--- EXERCISE OBJECTIVE ---
Skip the pictures. Transcribe the rest of the data below without changing a word.

--- STORED DATA ---
=== Begin Enclosure ===
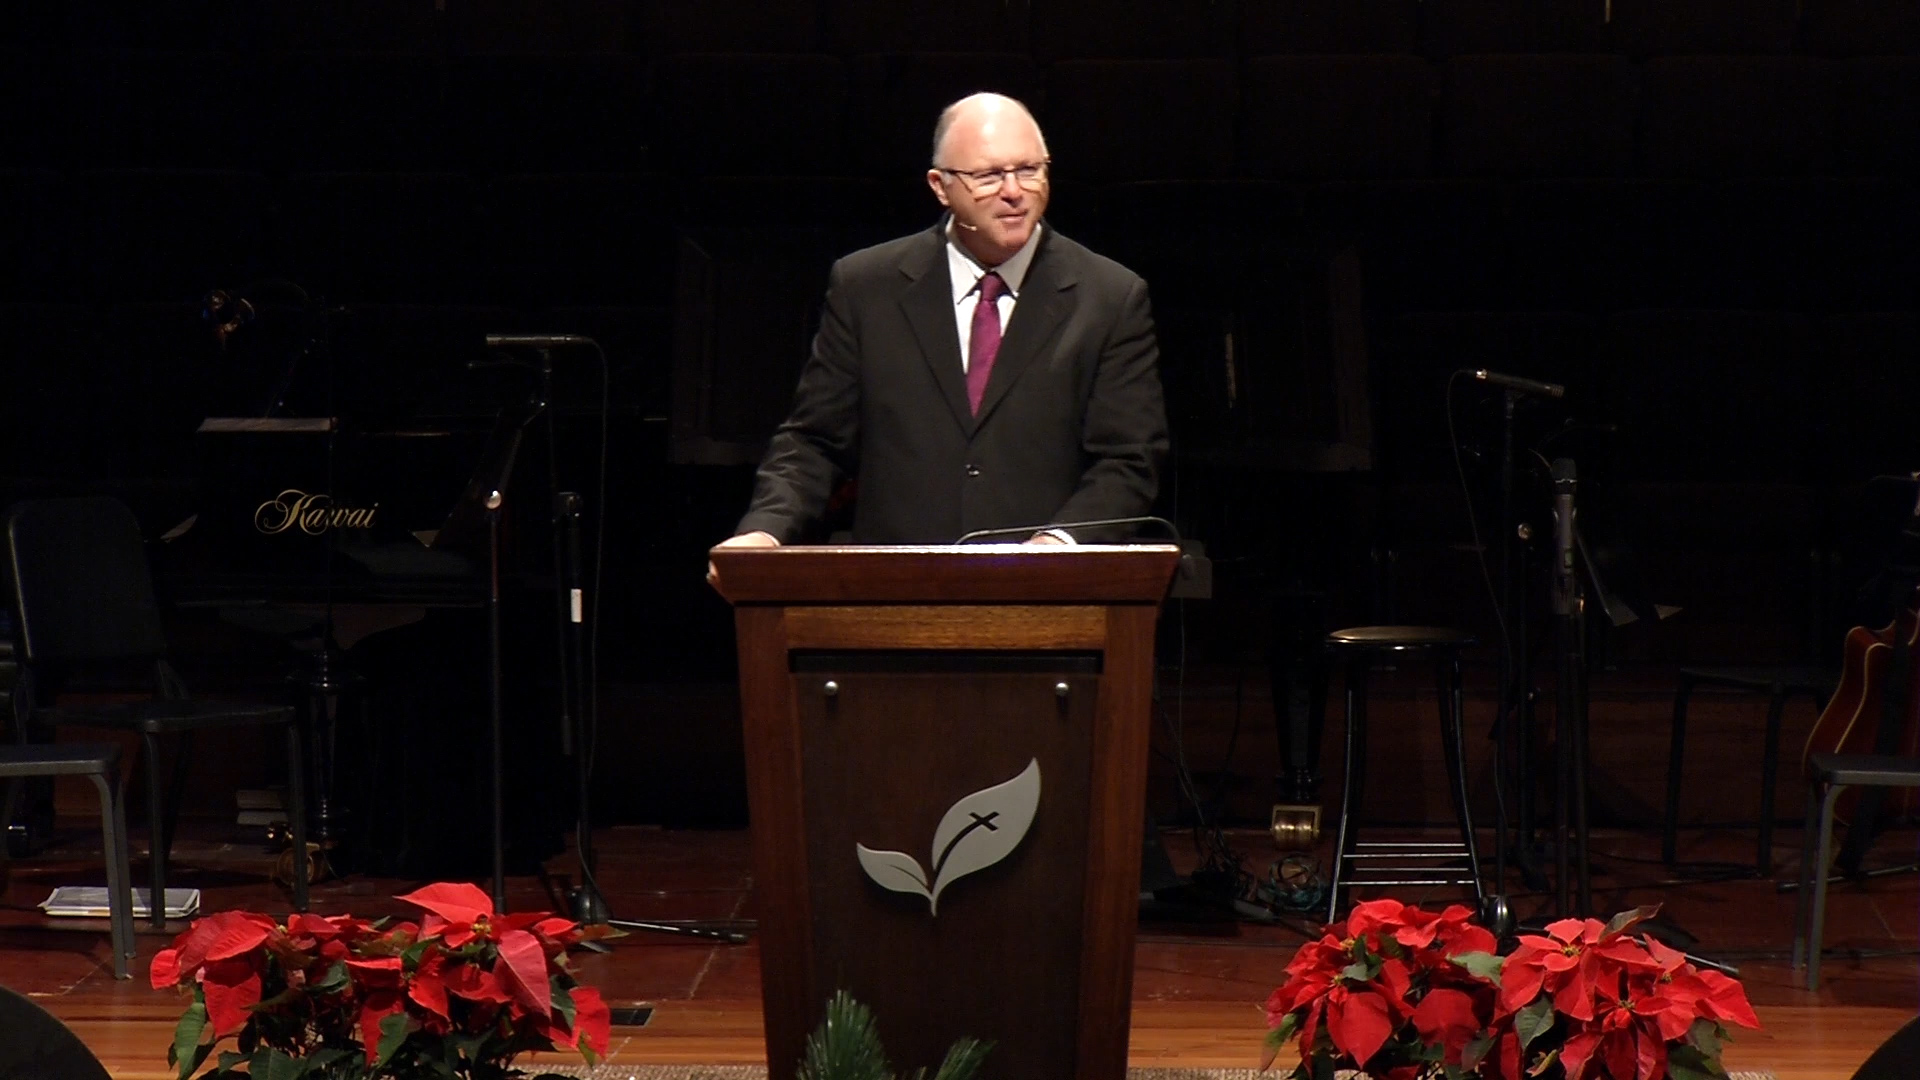 Pastor Paul Chappell: The Fulfillment of Grace
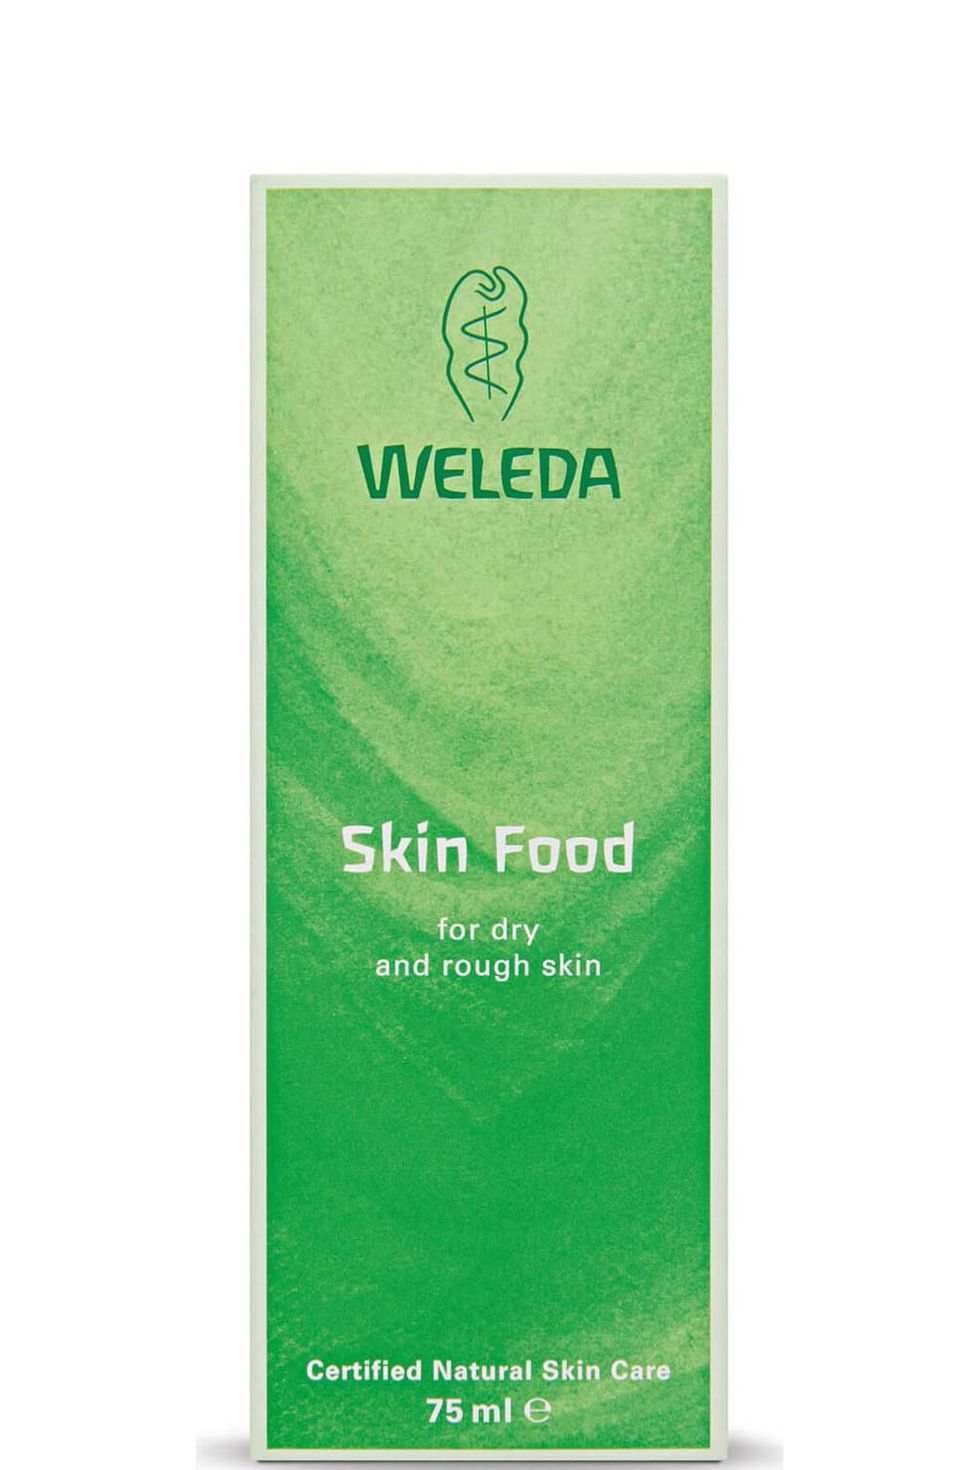 Weleda Skin Food for Dry and Rough Skin 
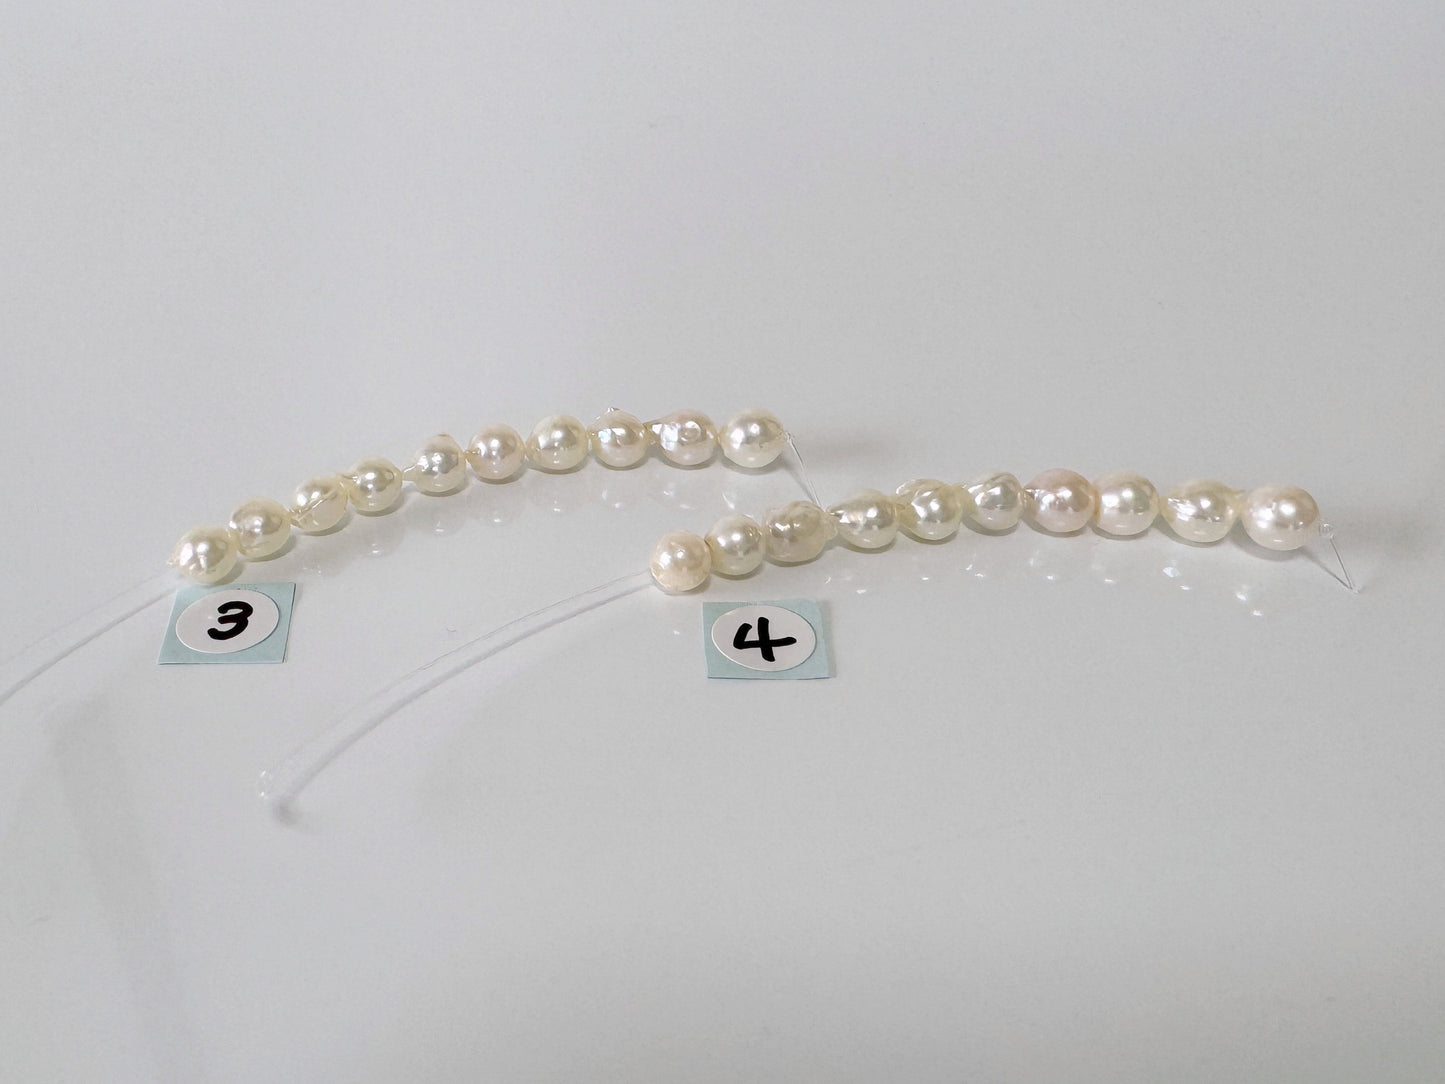 10 Pieces Short Strand of Japanese White Akoya Pearl Beads, 5-5.6mm Semi-baroque, Genuine Akoya Pearl, Cultured in Sea Water
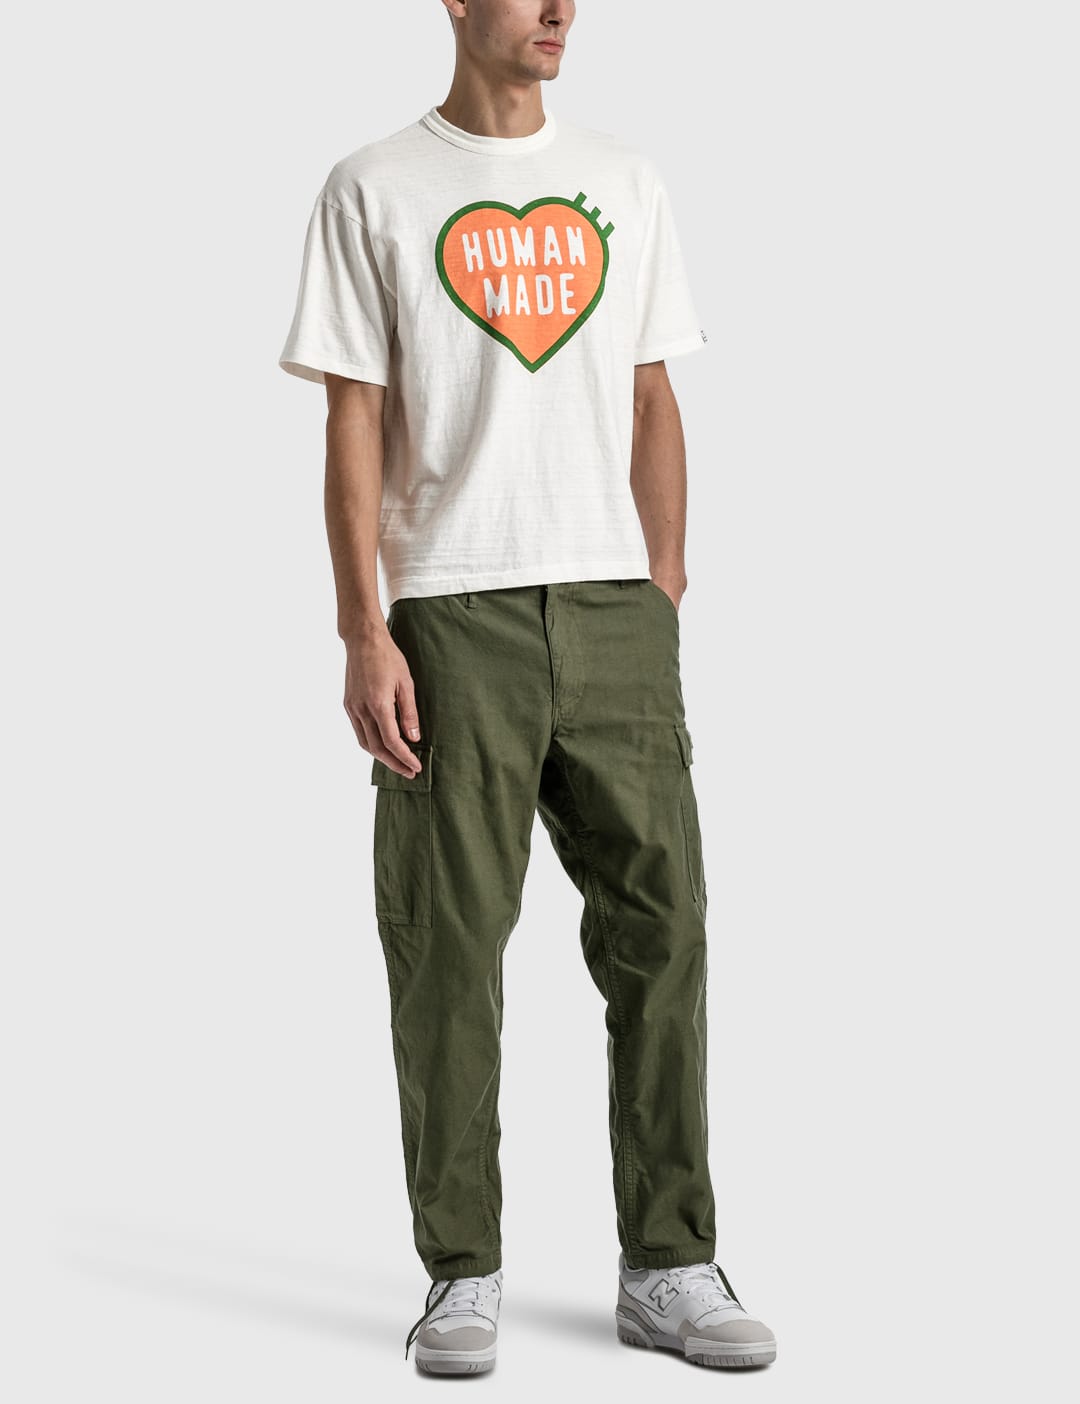 Human Made - Cargo Pants with Carabiner | HBX - Globally Curated
=== End Enclosure ===
--- WRITTEN ANSWER ---
 Pastor Paul Chappell: The Fulfillment of Grace
 Weleda Skin Food for Dry and Rough Skin 
 10 Pieces Short Strand of Japanese White Akoya Pearl Beads, 5-5.6mm Semi-baroque, Genuine Akoya Pearl, Cultured in Sea Water
 Human Made - Cargo Pants with Carabiner | HBX - Globally Curated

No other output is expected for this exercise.